Picker: Some critics would argue that the government, which focuses and ensures there is transparency and disclosure within American companies, as well as investors regarding the way they market things as ESG, removes them from the bigger issues distracts, regulators and government should just focus on solving things like climate change and focus on figuring out how to increase the opportunities for a diverse group of people rather than taking those actions. What would you say to that?
Murray: I think, honestly, I think it’s BS. What I mean by that is you can do both. If you want the government to solve the big problems of climate change, and DE&I, why not want them to help you report on it too? Who should do this if not the regulators? Who brings it together However, what I think Leslie is that regulators need to work closely with companies. And I don’t see this harmonization anymore … so I’m not saying to skip the deal. I’m not saying to leave the controls off. I say let’s all get together and find out together. But I don’t think for a minute that if the regulations are solely focused on climate change or DE&I, with no disclosure, no metrics, then how do we know it works? How do regulators know it’s working?

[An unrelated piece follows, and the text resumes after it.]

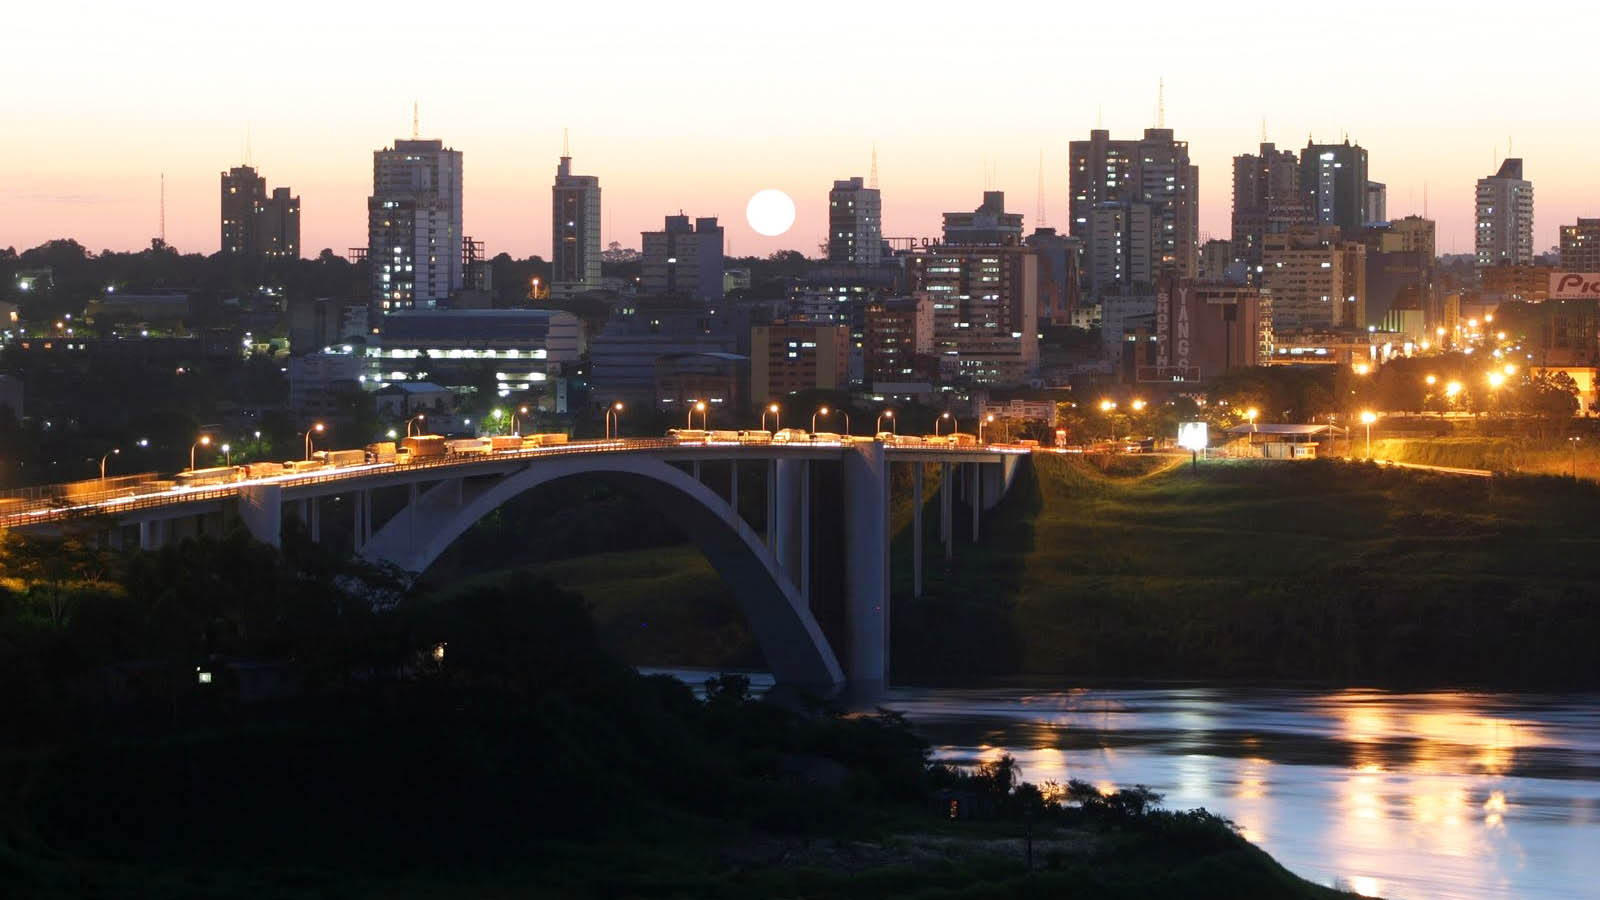 Ciudad del Este - Paraguay

Picker: because [ESG is] so broad that it has the potential to leave behind certain efforts that were more in the foreground in the past. You know, Diversity, Equity Inclusion, for example, if a company has very good metrics in terms of its environmental footprint or governance footprint, can it sweep all diversity, equity and inclusion issues under the carpet?

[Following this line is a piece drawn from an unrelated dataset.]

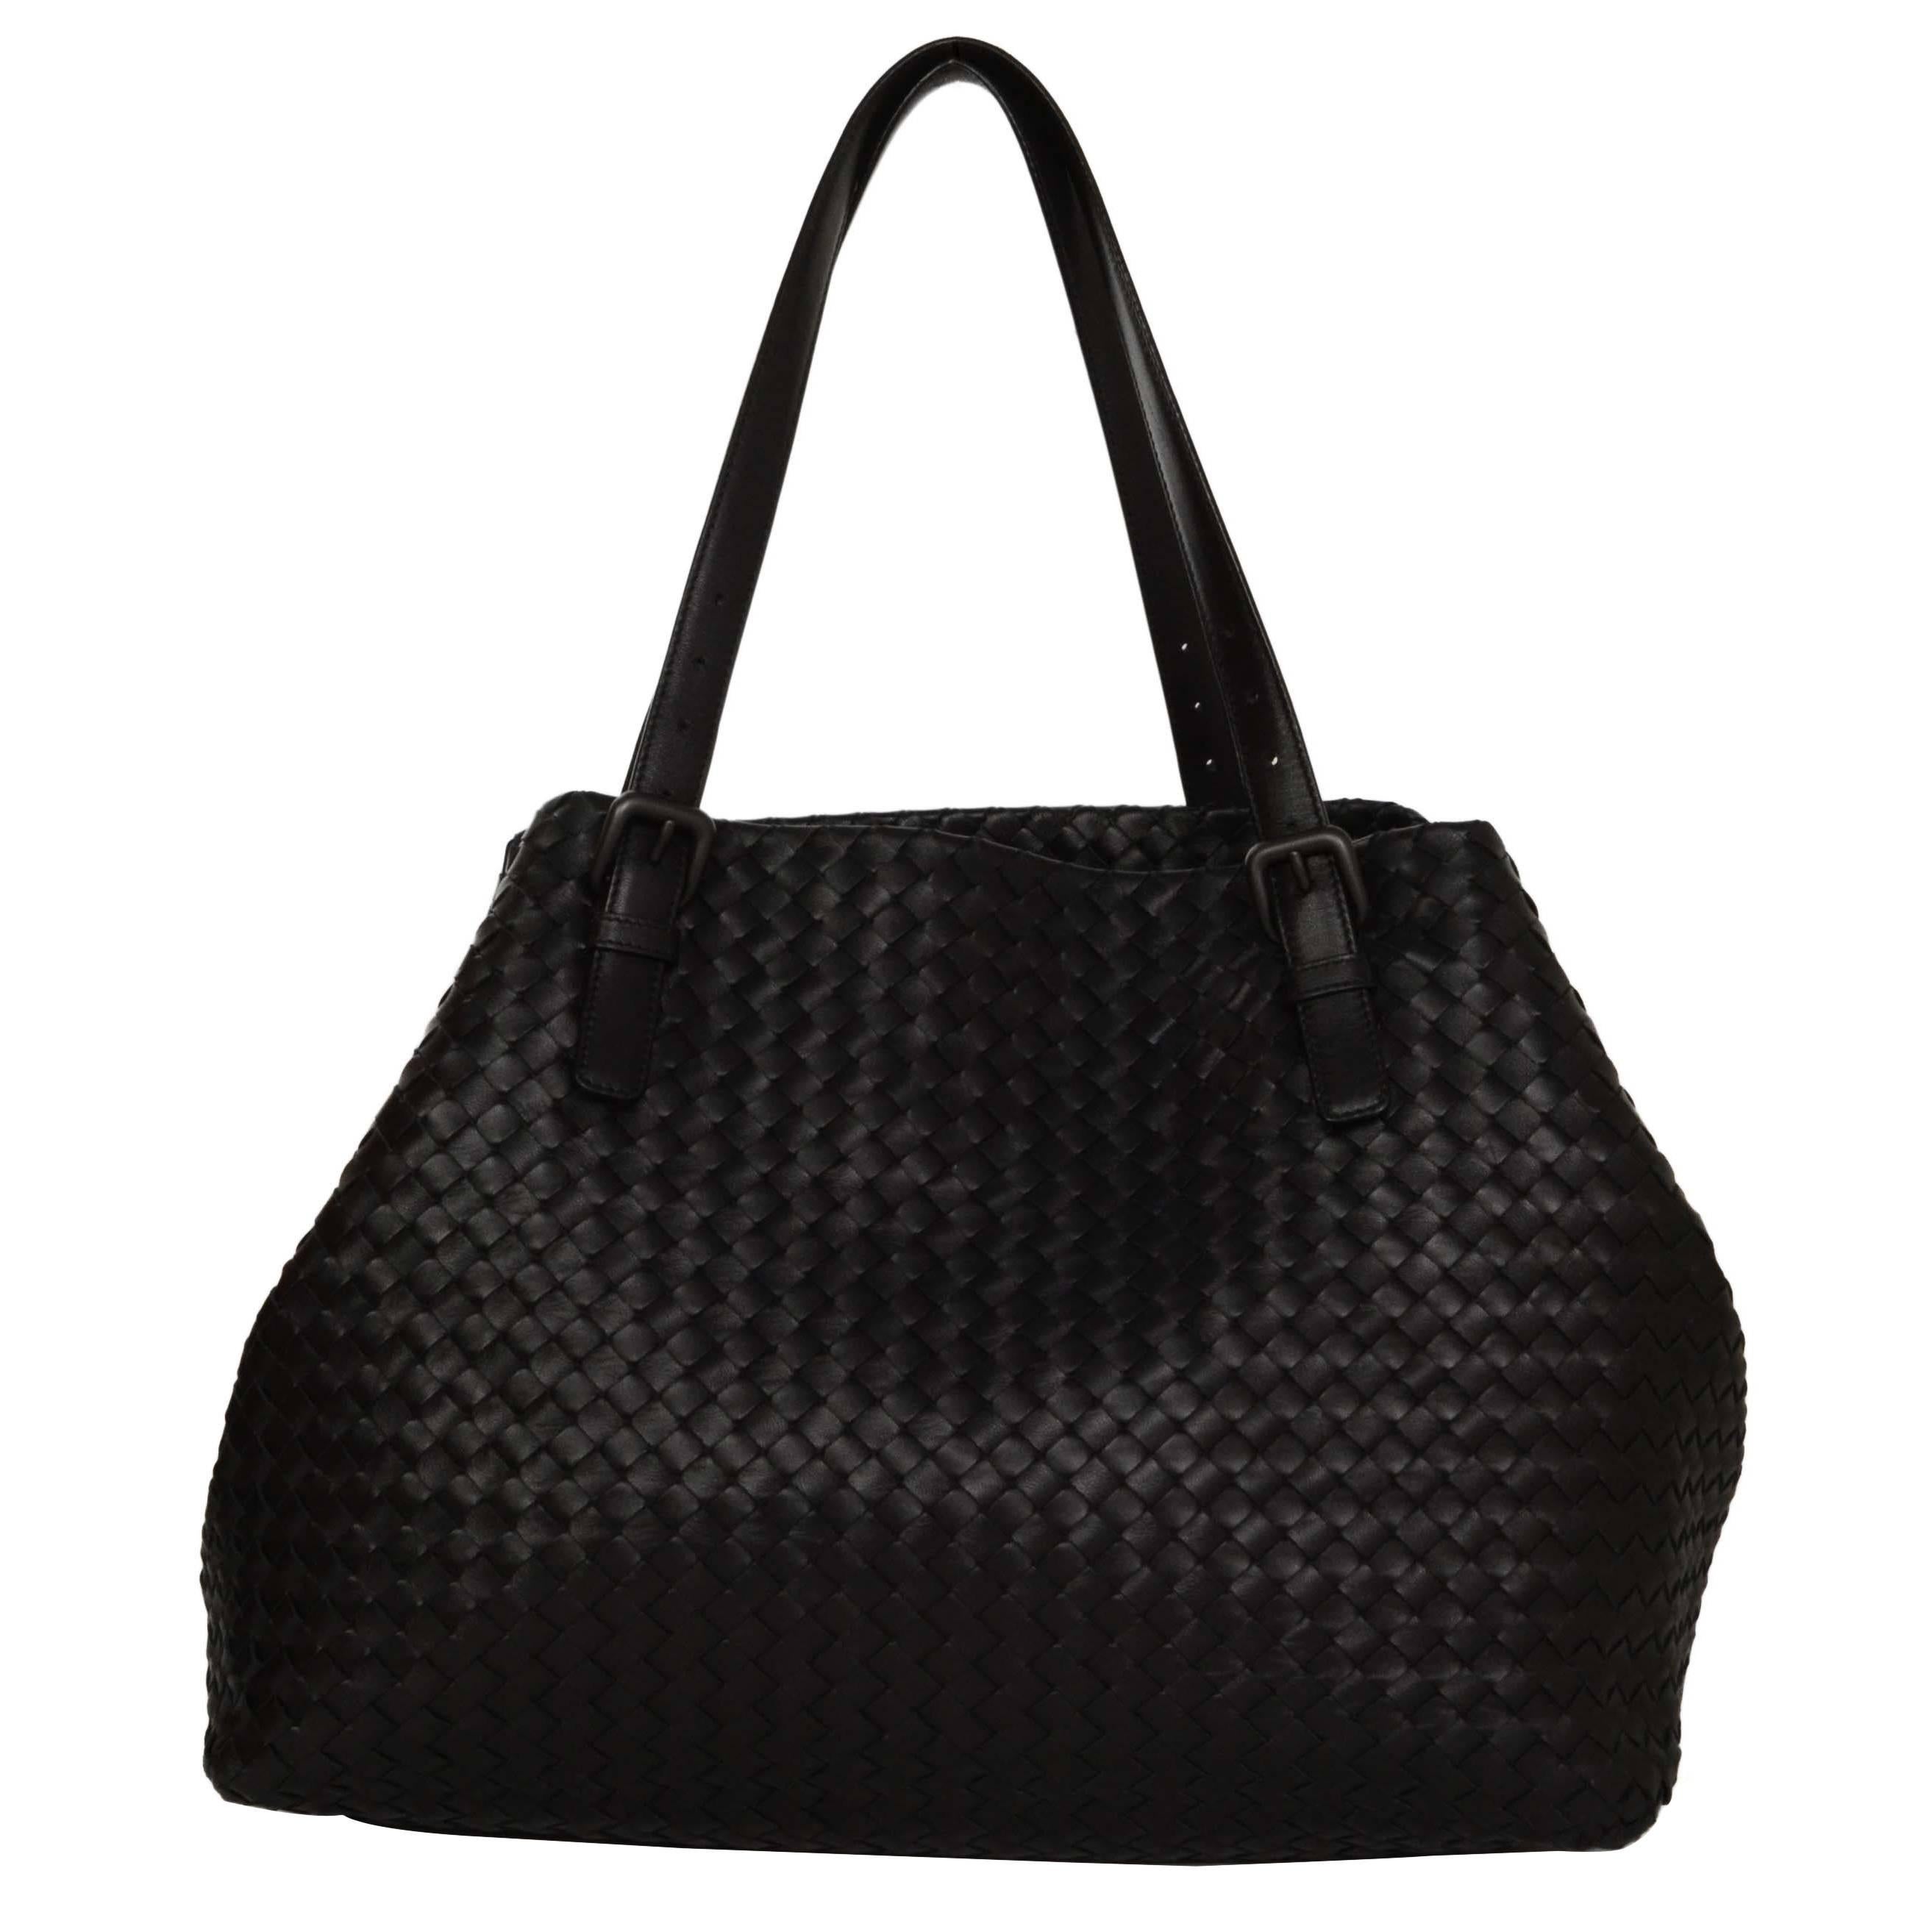 Bottega Veneta Black Woven Leather Large Intrecciato Bag rt. $3, 950

Murray: My great belief is that you can do both. I mean I don’t understand why, you know, diversity, justice –
Picker: You can, but companies feel they don’t need to because –
Murray: Well, they don’t have to because they don’t have to. And that’s why I come back to this government article, this regulation article. And believe me, if you asked me 20 years ago if we have any governments or regulators dealing with diversity, I would say no, companies will do it, they will do it themselves, it’s the right thing, it is great for business. Well I was wrong. I was totally wrong.

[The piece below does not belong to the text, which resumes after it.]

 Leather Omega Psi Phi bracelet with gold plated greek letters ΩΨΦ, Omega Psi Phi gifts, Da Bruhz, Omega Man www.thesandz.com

And, and what I’ve seen is work when regulations come out and say, “You shall report the following things and it will be disclosed.” And directors will be held in trust for ensuring that it is done well, and CEOs will be held accountable through compensation. I see it really works.
Picker: So it’s about disclosure, it’s about regulation. You are a regulator. As the chairman of FINRA, you are in the seat, which supervisory authority do you think should address this?
Murray: I think the SEC has done a lot lately – first of all, I’m not speaking here as chairman of FINRA and we are responsible for the individual investor. But I think the SEC [Gary] Gensler has done a lot about what’s coming out of ESG. He’s been talking about DE&I and climate change, and he’s got people to lead those initiatives.